Je l’ai regardé pendant quelques secondes, bouche bée. Gwenaëlle soutint mon regard, on ne peut plus sérieuse.
- Avant, la Lune était plus ou moins ce que les humains pensaient qu’elle était : un désert rocheux sans grand intérêt. Je l’ai, disons… un peu amélioré.
- « Un peu amélioré » ? ai-je répété, avec une pointe d’incrédulité dans la voix.
Gwenaëlle émit un petit rire amusé, manifestement ravi de l’air impressionné que j’arborais.
- Et pourquoi diable as-tu décidé de t’installer sur la Lune ?
Son sourire se figea brusquement. La sorcière ralentit le pas, tournant lentement son regard vers le Lac.
- J’avais… envie de changer d’air, finit-elle par déclarer sur un ton mystérieux.
Je n’ai rien dit, mais mon cerveau tournait à plein régime. Sa réponse évasive me laissait envisager que la vérité était bien plus compliquée qu’une simple envie de « changer d’air »… Pourquoi alors la puissante Sorcière de l’Infinie s’était-elle exilée sur la Lune ? Je sentais que cela avait un rapport avec la fameuse guerre qu’avait évoqué Tendoris.
Soudain, une ombre passa au-dessus de nous. J’ai levé la tête, juste à temps pour apercevoir deux espèces de grands lézards ailés survoler le château. J’ai aussitôt étouffé une exclamation. Le dos et la tête hérissés de pics dorsaux, la longue queue de serpent et une gueule reptilienne remplie de crocs, ces créatures ressemblaient à…
- Des dragons !
- Pas tout à fait, rectifia Gwenaëlle. Ce sont des vouivres. Il y en a beaucoup dans les montagnes du nord.
- Quel est la différence avec les dragons ? lui ai-je demandé, sans quitter des yeux les deux créatures qui s’éloignaient à présent vers la forêt à l’est.
- Pour commencer, les vouivres n’ont pas de pattes avants, contrairement à leurs cousins draconiques. Elles ne crachent pas de feu non plus, mais leurs crocs produisent un venin très corrosif.
- Alors les vouivres sont plus dangereuses ?
- Oh non ! Un millier de vouivres n’arriveraient pas à blesser un dragon, répondit Gwenaëlle avec un petit rire amusé, avant d’ajouter d’un ton plus sérieux. Le jour où tu en rencontreras un, tu comprendras la différence.
- Parce qu’il existe des… Parce qu’il existe encore des dragons ?
Gwenaëlle acquiesça, coulant un regard vers le lac.
- Il en existe encore au moins un, et il vit ici.
« Et j’espère ne pas le rencontrer… » ai-je songé intérieurement.
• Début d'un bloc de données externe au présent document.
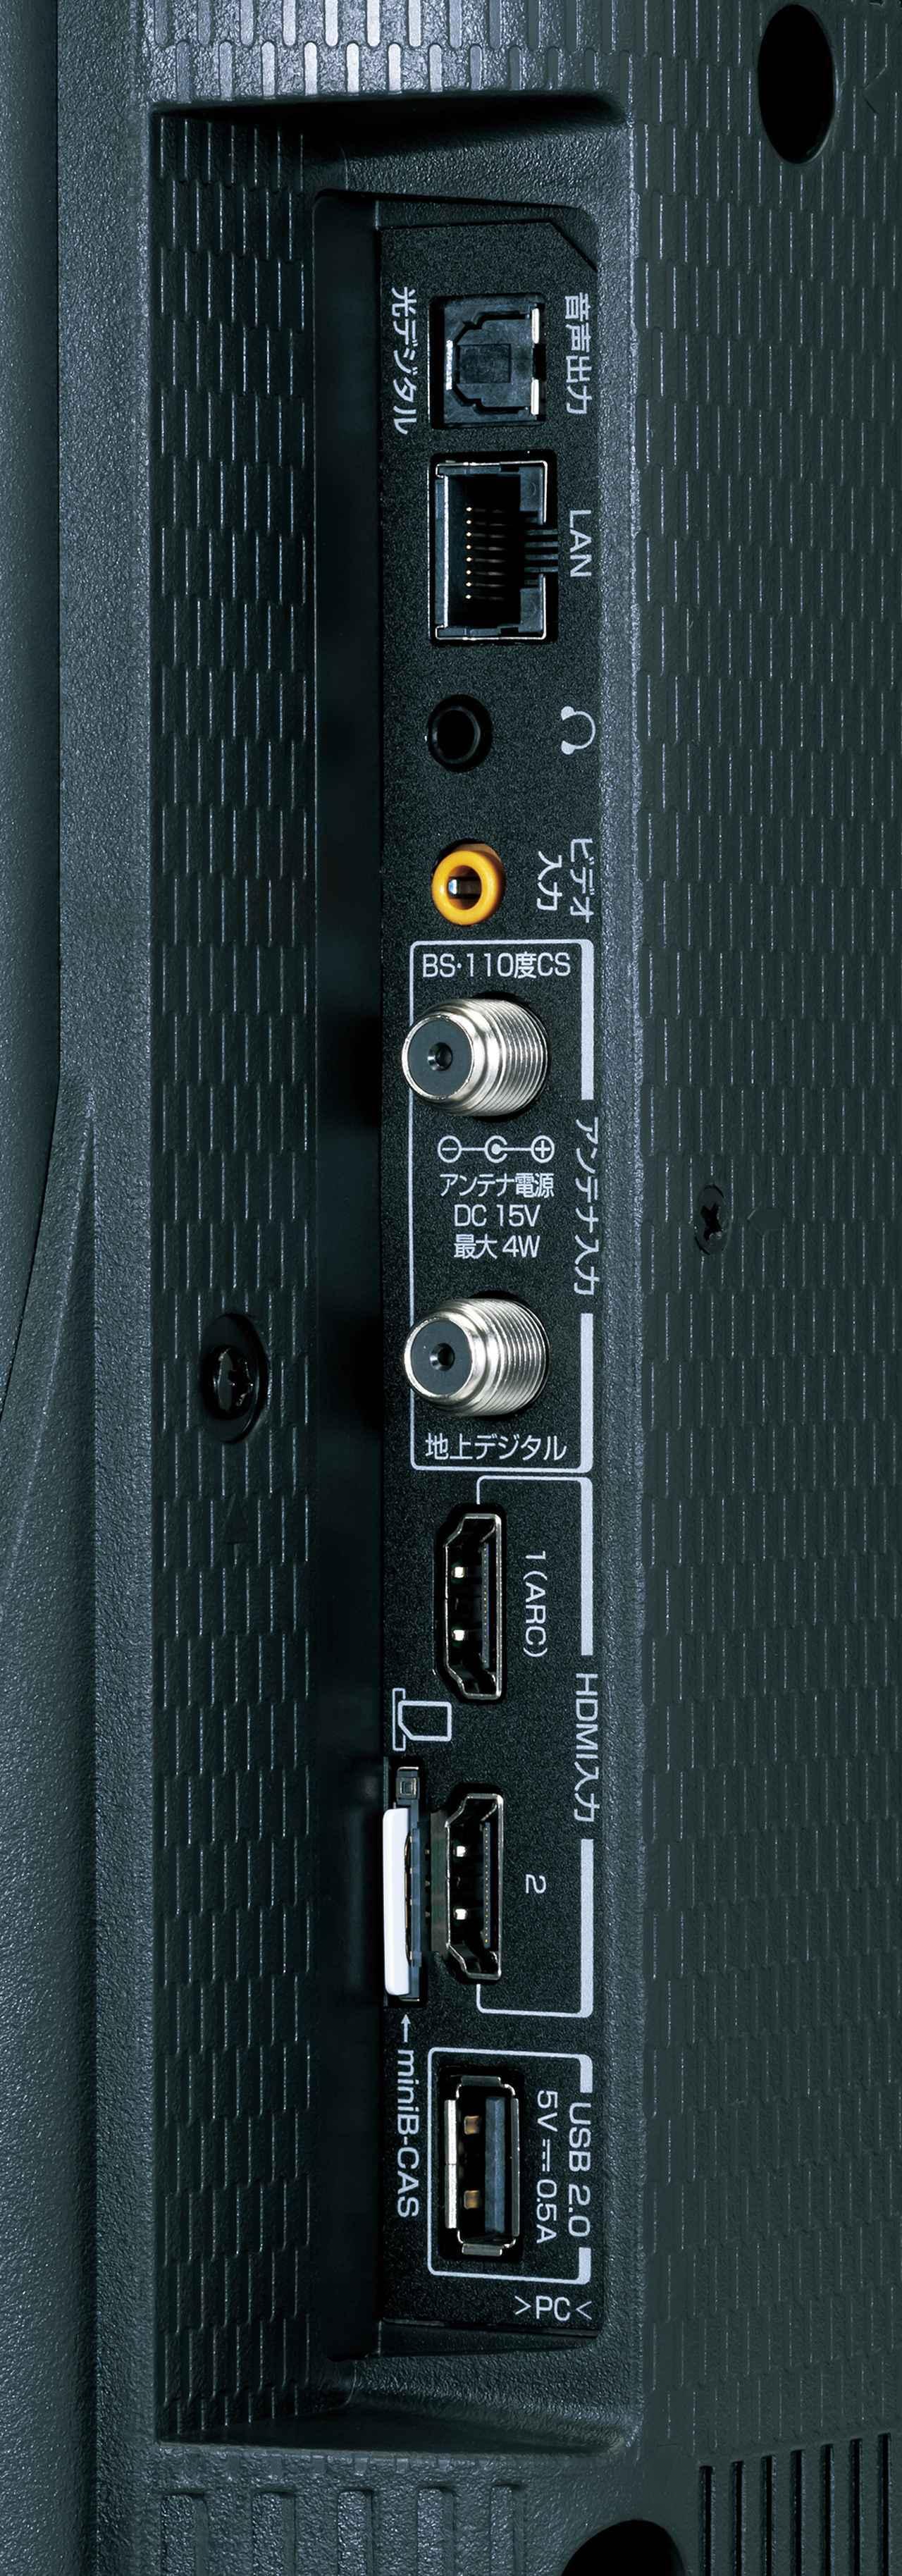 画像6: 緻密さの向上で魅力アップ! TCLの新型32インチ・フルHD液晶で、ネット動画&HDRを楽しむ【TCL 32S5200A】

J’ai alors remarqué que nous approchions d’un autre bâtiment qui semblait flotter sur le lac. C’était un grand pavillon circulaire qui paraissait avoir été taillé dans un pur cristal bleu, relié à la terre ferme par un ponton du même matériaux.
- Voilà ce que je voulais te montrer, me dit Gwenaëlle en arborant un petit sourire ravi devant mon air stupéfait. Voici l’Autel de Glace. Il a été taillé dans la glace éternelle du plus haut sommet de Gaïa.
- L’Everest ?
- Non… Quoi que tu n’as pas totalement tort, puisqu’il est de facto aujourd’hui le plus grand sommet de Gaïa. Mais avant que je ne l’en enlève, cet honneur revenait au Mont Sacrifice, que tu peux voir là-bas.
Suivant son doigt pointé vers le massif de montagnes au nord du lac, j’ai rapidement distingué l’une d’entre elles qui dominait effectivement toutes les autres, et dont le sommet se perdait dans les nuages… le seul endroit où il semblait y en avoir, d’ailleurs, dans le ciel parfaitement clair d’Avalon. Sans savoir pourquoi, la vue de cette montagne m’arracha un frisson d’appréhension. J’avais une désagréable impression de déjà-vu…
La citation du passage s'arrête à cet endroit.